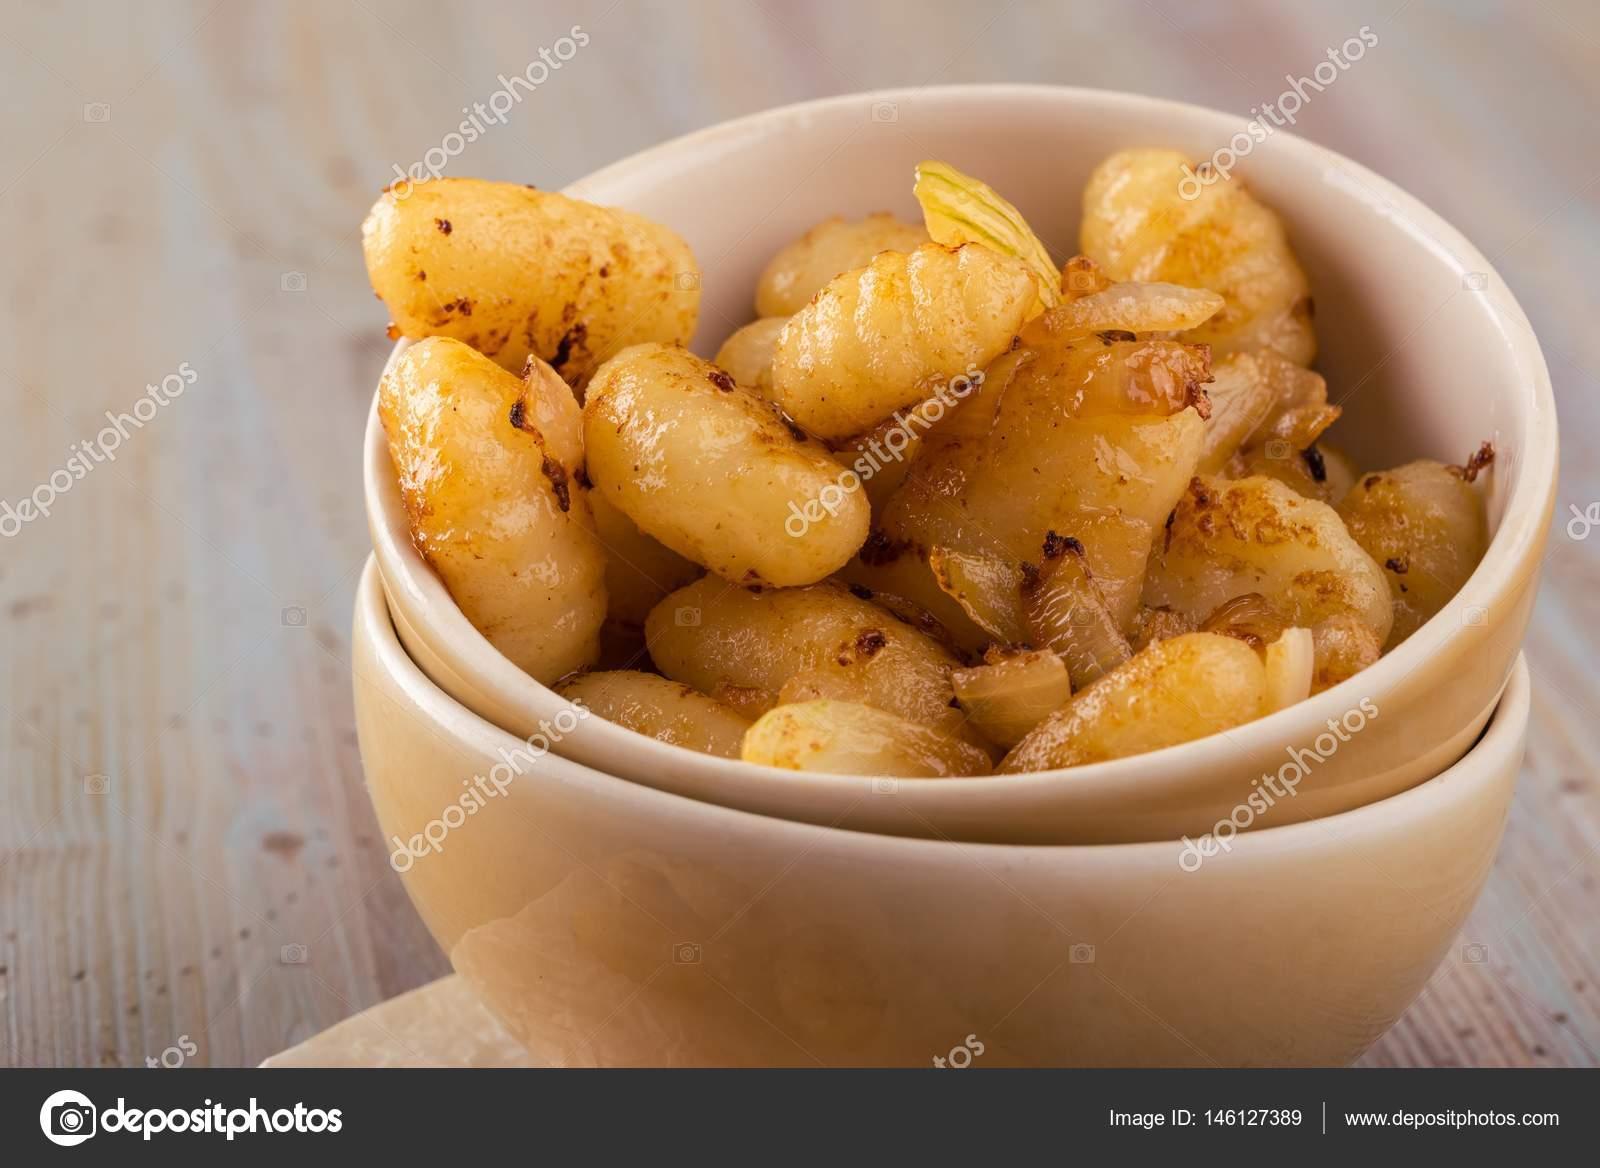 Gnocchi di patate una porzione
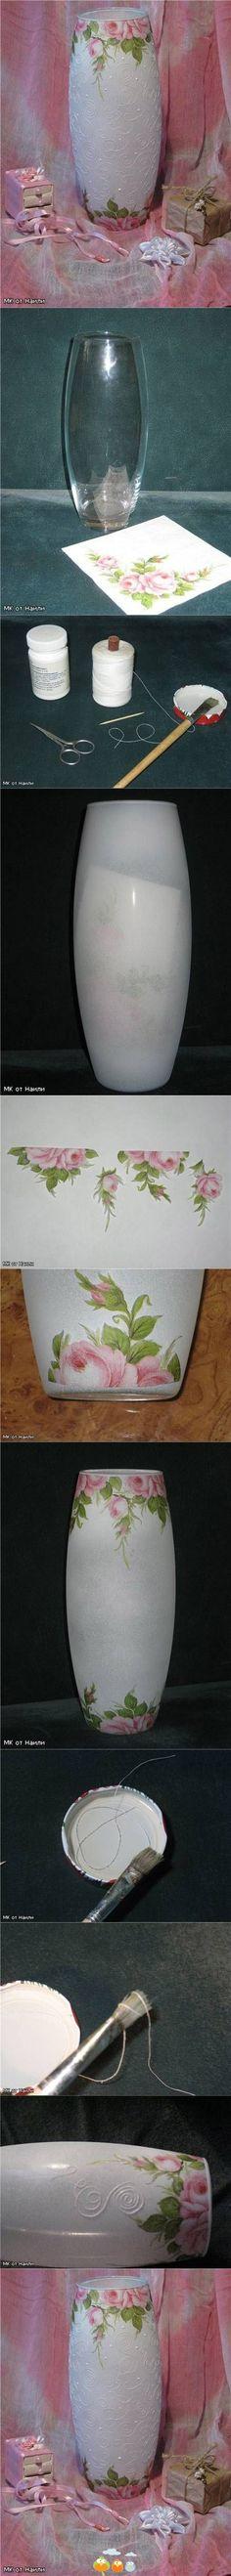 decoracion en frascos
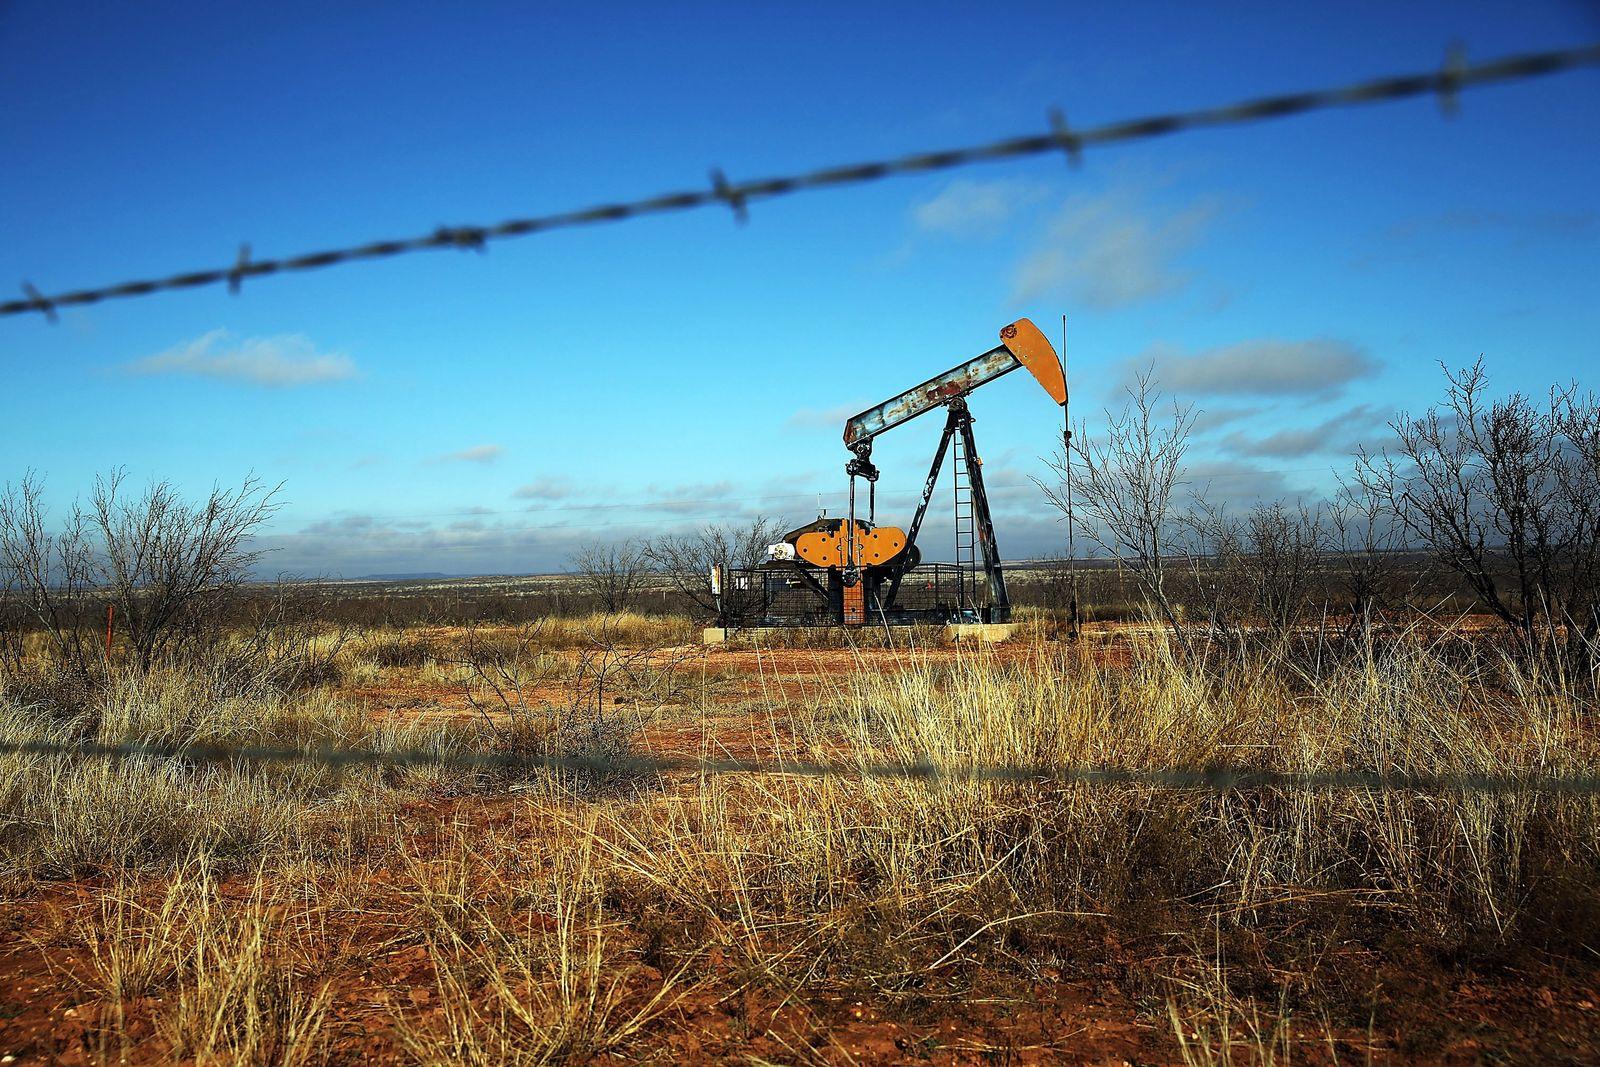 Öl / Ölpreis / Ölförderung / Pumpe /
○ ○ ○ ○ ○ ○ ○
» DESCRIPTION OF THE TASK: The answer should consist solely of the lines from the one containing "decoracion en frascos" through the last line of the material, copied exactly, with pictures left out.

» SOLUTION:
 decoracion en frascos
 Öl / Ölpreis / Ölförderung / Pumpe /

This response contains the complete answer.